More particularly, in the above described system, the whole packet has implicitly been submitted to a series-to-parallel conversion before being written into the buffer memory, as in TDM switches. In TDM switches, each channel is an 8-bit word. The presently available 8-bit series-to-parallel converters are fast enough to be used in those TDM switches. With respect to packet switching, each packet is obviously made of several bytes, for instance sixteen bytes as described in the above mentioned U.S. patent application. Therefore, the time required for parallel converting a whole packet is substantially longer.
Furthermore, in a packet switch, once the bytes have been parallel converted, the incoming packets carried by each multiplex are always transferred into a memory assigned to that multiplex and used as an input queue or FiFo (first in, first out) memory.
In a packet switch, the series-to-parallel converter of the sequence of parallel bytes operates at a time with a single input queue, i.e. a single input multiplex, the set of input queues having to be processed in a complete cycle, the duration of which is the series transmission duration of a packet. But FIFO memories implementing the queues are relatively slow operating components. For the series-to-parallel conversion of a packet, it is necessary to get access sixteen times to the concerned queue, which requires an excessively long time, and which limits the processing capacity of the system. It is the same at the output for the parallel-to-series conversion.

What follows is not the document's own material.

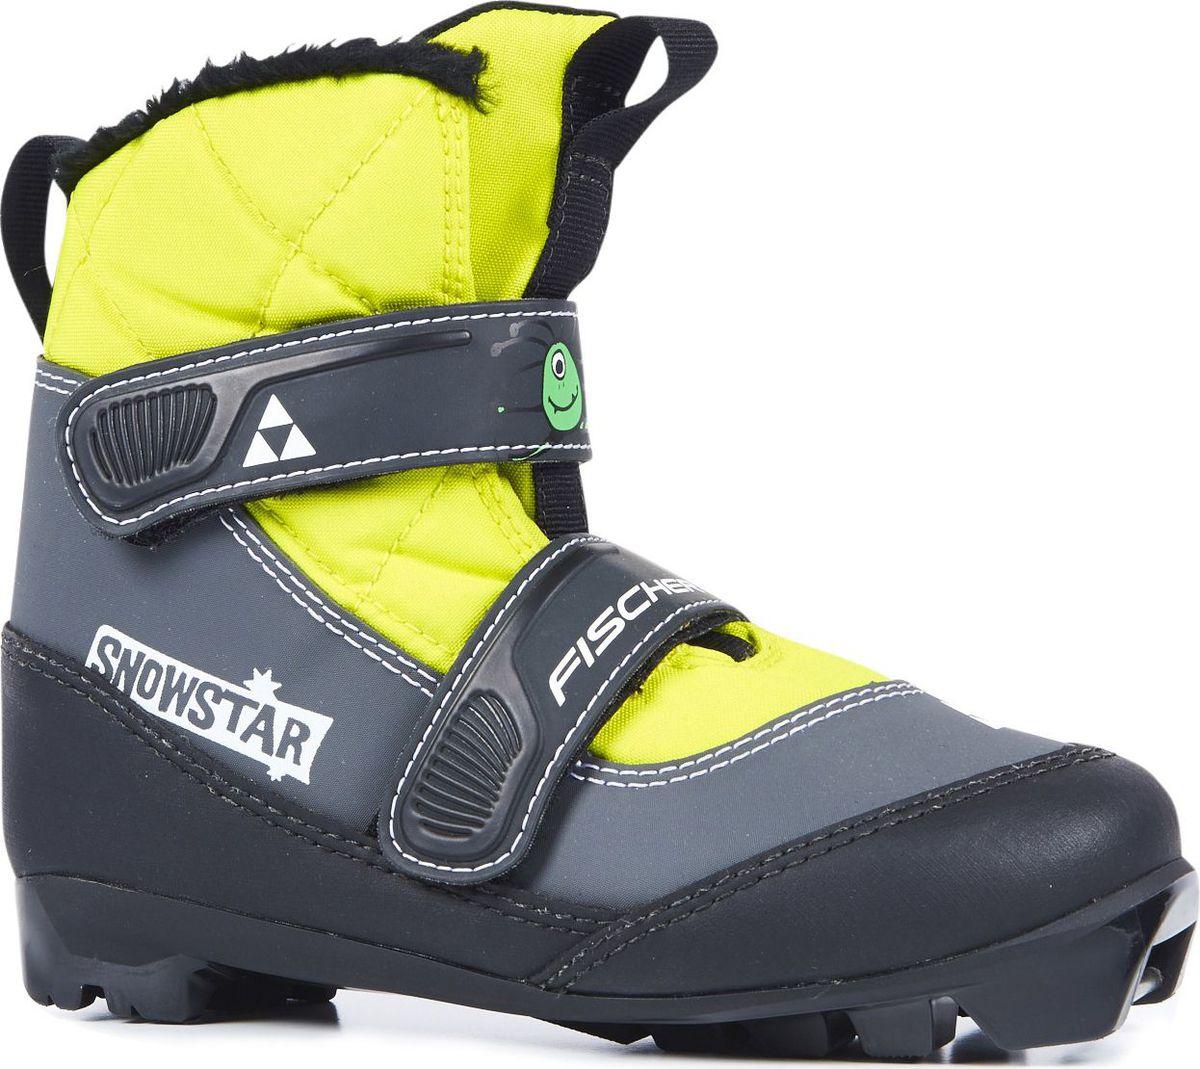 Ботинки лыжные для мальчика Fischer Snowstar, цвет: желтый. S41017. Размер 28S41017Лыжные ботинки Fischer Snowstar - модель для самых маленьких лыжников. Комфортная мягкая подошва, водоотталкивающий утеплитель Comfort Guard дополнительно защищает от холода и влаги, удобная застежка-липучка облегчает надевание. В ботинках удобно не только кататься, но и гулять, играть.Преимущества для потребителей:- Удобно надевать и снимать.- Очень теплые.- Подходят для катания и игр на снегу.
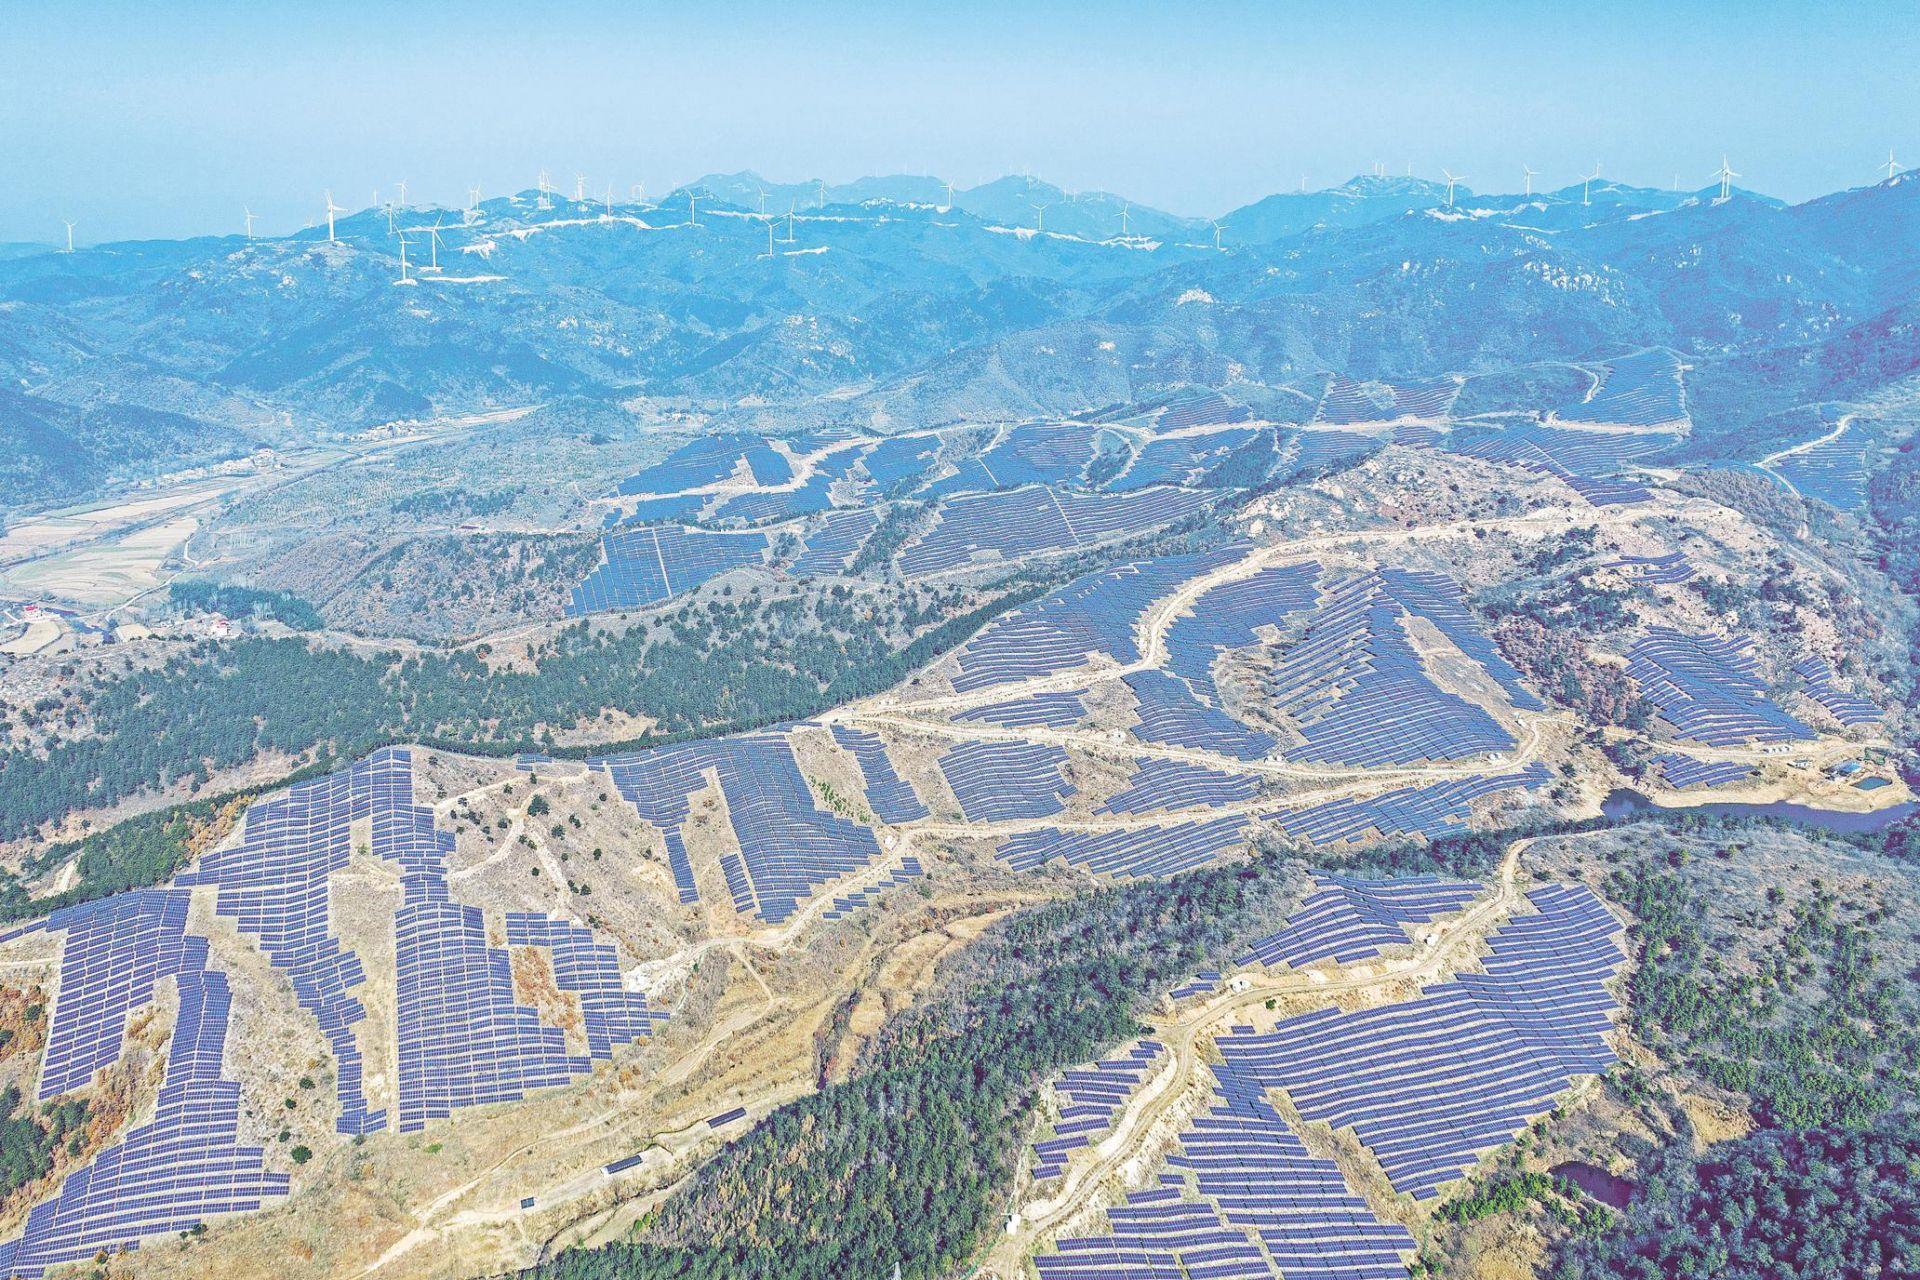 湖北首個風光一體發電項目投入運營

Another purpose of the invention is to overcome that slowness in order to have a packet switching matrix with a performance which is compatible with the flow rates of the videocommunication services.
According to this invention, for avoiding the mentioned waste of time, the series-to-parallel conversion of the input byte queues is replaced by excessive simultanous permutations of bytes for the set of the incoming multiplex, and for other successive simultanous permutations for the set of outgoing multiplex. Because the control logic circuitry, which comprises the control memory alone, can scan only one label per byte slot, the labels of the packets from different ingoing multiplex are chained one after the other before being processed. To this end, a time shift of one byte slot is provided in the input queues, from one queue to the following one. The series-to-parallel converter is replaced by a rotation matrix capable of performing a controllable rotation on groups of N bytes (16 bytes). The rotation order is incremented step by step, for each byte slot. At the output of the rotation matrix, data are in a "parallel-diagonal" form which will be fully explained in the following specification. The data are stored in the parallel-diagonal form in the buffer memory. The parallel-to-series converter is also made of a cyclically controlled rotation matrix which performs the reverse shifts with respect to the input rotation matrix shifts, in the reverse duration.